Aslında Milli Görüş’ün içinde ya da yakınında
olmayınca, Necmettin Erbakan’ı ve Milli Görüş’ü anlama şansınız çok az oluyor.
Toplumsal siyasette oluşan görünmez kutuplaşmayı çok daha iyi anlıyorsunuz
ortada durunca. Önemli boyutta diğerlerini anlamama üzerine kurulu bir
kutuplaşma bu. Çok beylik bir cümle olacak ama, toplum olarak siyasal aklımız
ne yazık ki takım tutar gibi çalışıyor. Tabii böyle bir aklın yaratılmasında
medyanın katkılarını da yadsımamak gerekiyor.
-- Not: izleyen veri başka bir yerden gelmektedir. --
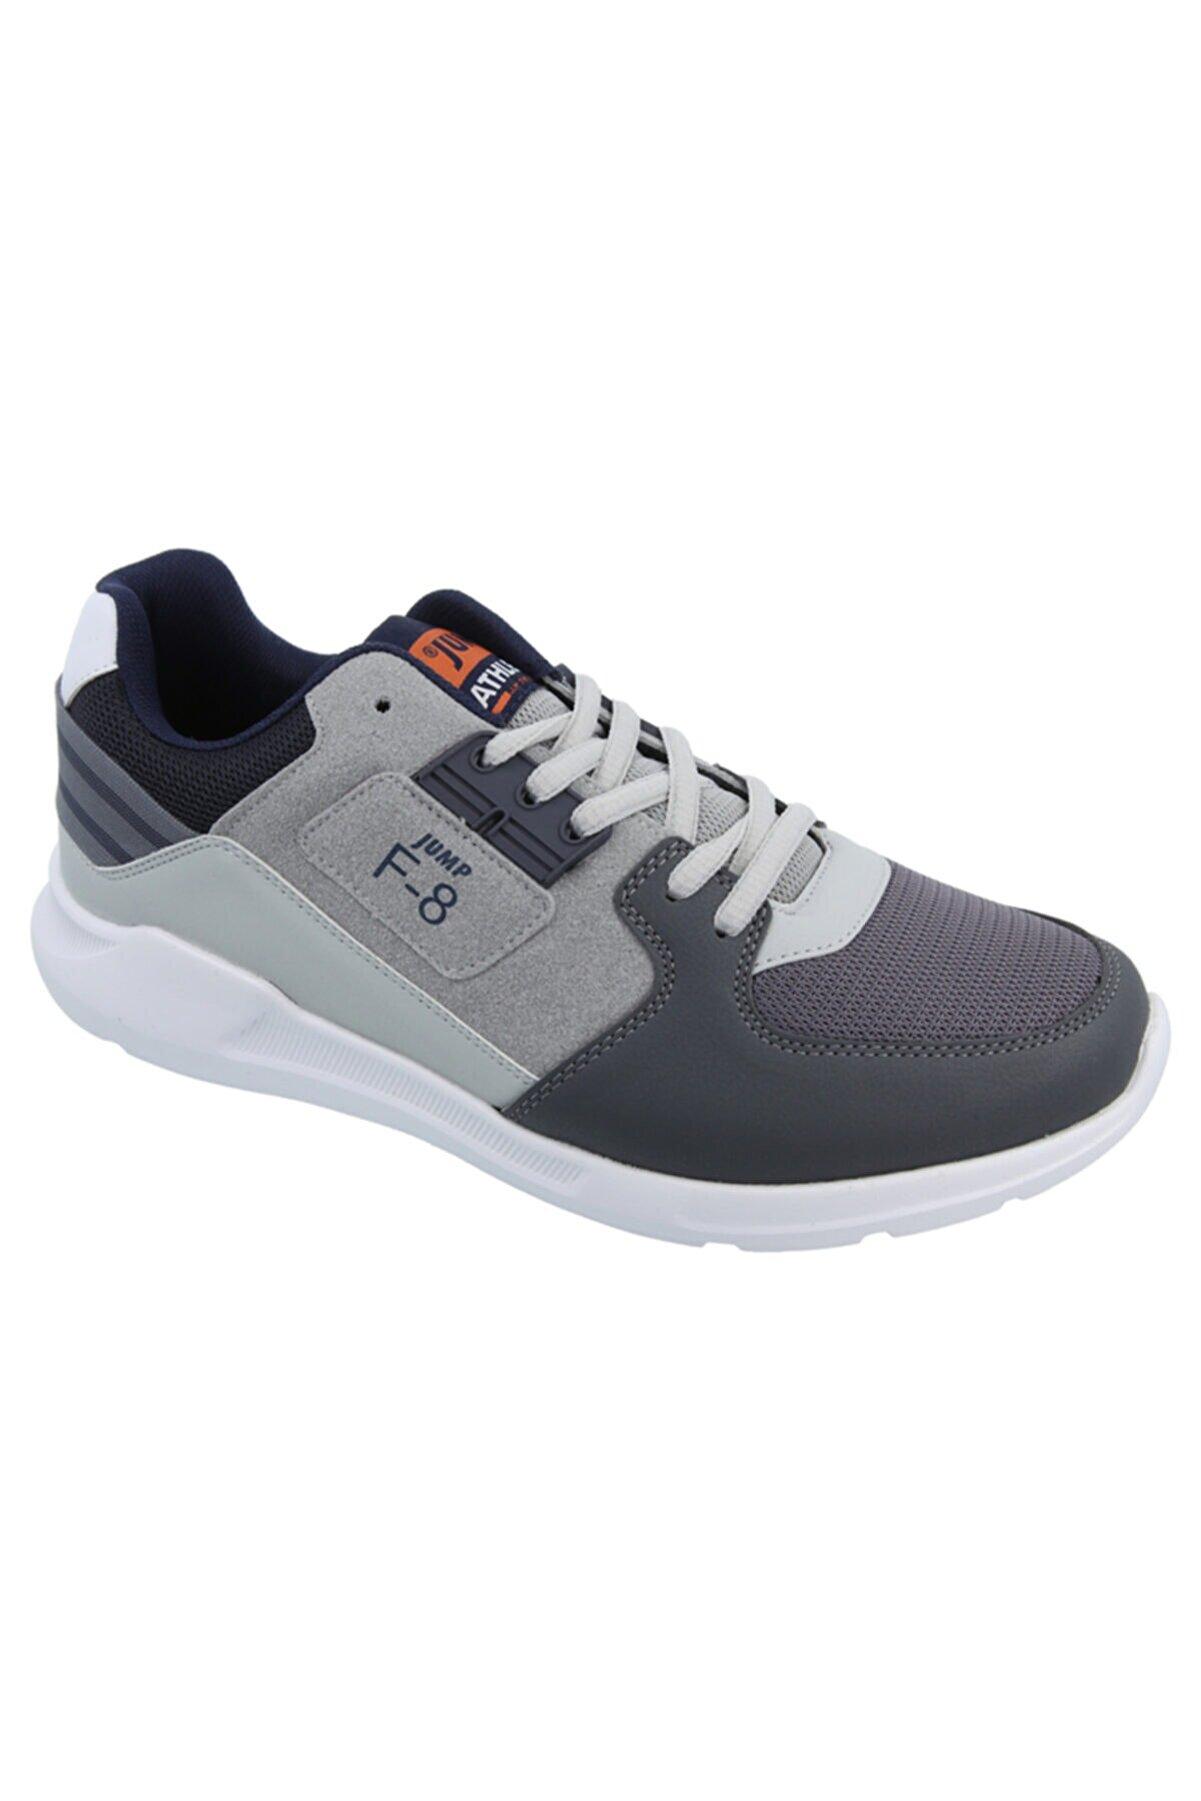 Jump Unisex Gri Günlük Ayakkabısı 21159

Eğer Erbakan’ı sadece basından
takip ediyorsanız bile, Erbakan hakkında olumlu bir geribildirim oluşturmanız
çok zor. 28 Şubat sürecini bir yana bırakın, çocuklarının düğünü hakkında
yazılanlar, kayıp trilyon davası ve hatta yakınlarda Numan Kurtulmuş’un Saadet
Partisi’nden ayrılma sürecinde yazıp çizilenler bile insanların kafasında
Erbakan ile ilgili negatif etki yaratmak için yeterli. Umuyorum bir gün bir
iletişimci çıkar ve basının Erbakan’ı neden ve nasıl manipüle ettiğini inceler.

Kesin bir yargı olarak sunmak istemem fakat Erbakan ve
Milli Görüş hakkında sunulan yaygın düşüncenin siyasal konjonktürle ilgisi
olduğunu gözden kaçırmamak gerekiyor. Özellikle vefatından sonra, Erbakan ile
ilgili estirilen pozitif rüzgârın, yine değişen siyasal konjonktürden bağımsız
olduğunu düşünmek çok zor.

Tezinizi hazırlarken teknik olarak tanıdığınız Erbakan
hakkındaki düşünceleriniz?

Necmettin Erbakan’ı çalışmak, hele de benim gibi
tamamen konunun dışında biriyseniz, dipsiz bir kuyuya düşmekten farksız hale
geliyor. Erbakan’ı anlamak için, Erbakan’ı okumak, dinlemek yetmiyor. Kendi
deyimiyle “kuşdiliyle” konuşmak durumunda kalan bir lider Erbakan. Siyaset
biliminde kullandığımız Batılı literatüre ilişkin kavramlarla anlayamıyorsunuz,
tanımlayamıyorsunuz Erbakan’ı. Zira tüm siyasal yapılanmayı, söylemi, verdiği
tepkileri, kullandığı kavramları İslam’ı referans alarak oluşturmuş; İslami
terminolojiyi siyasal alana büyük bir ustalıkla tercüme etmiş.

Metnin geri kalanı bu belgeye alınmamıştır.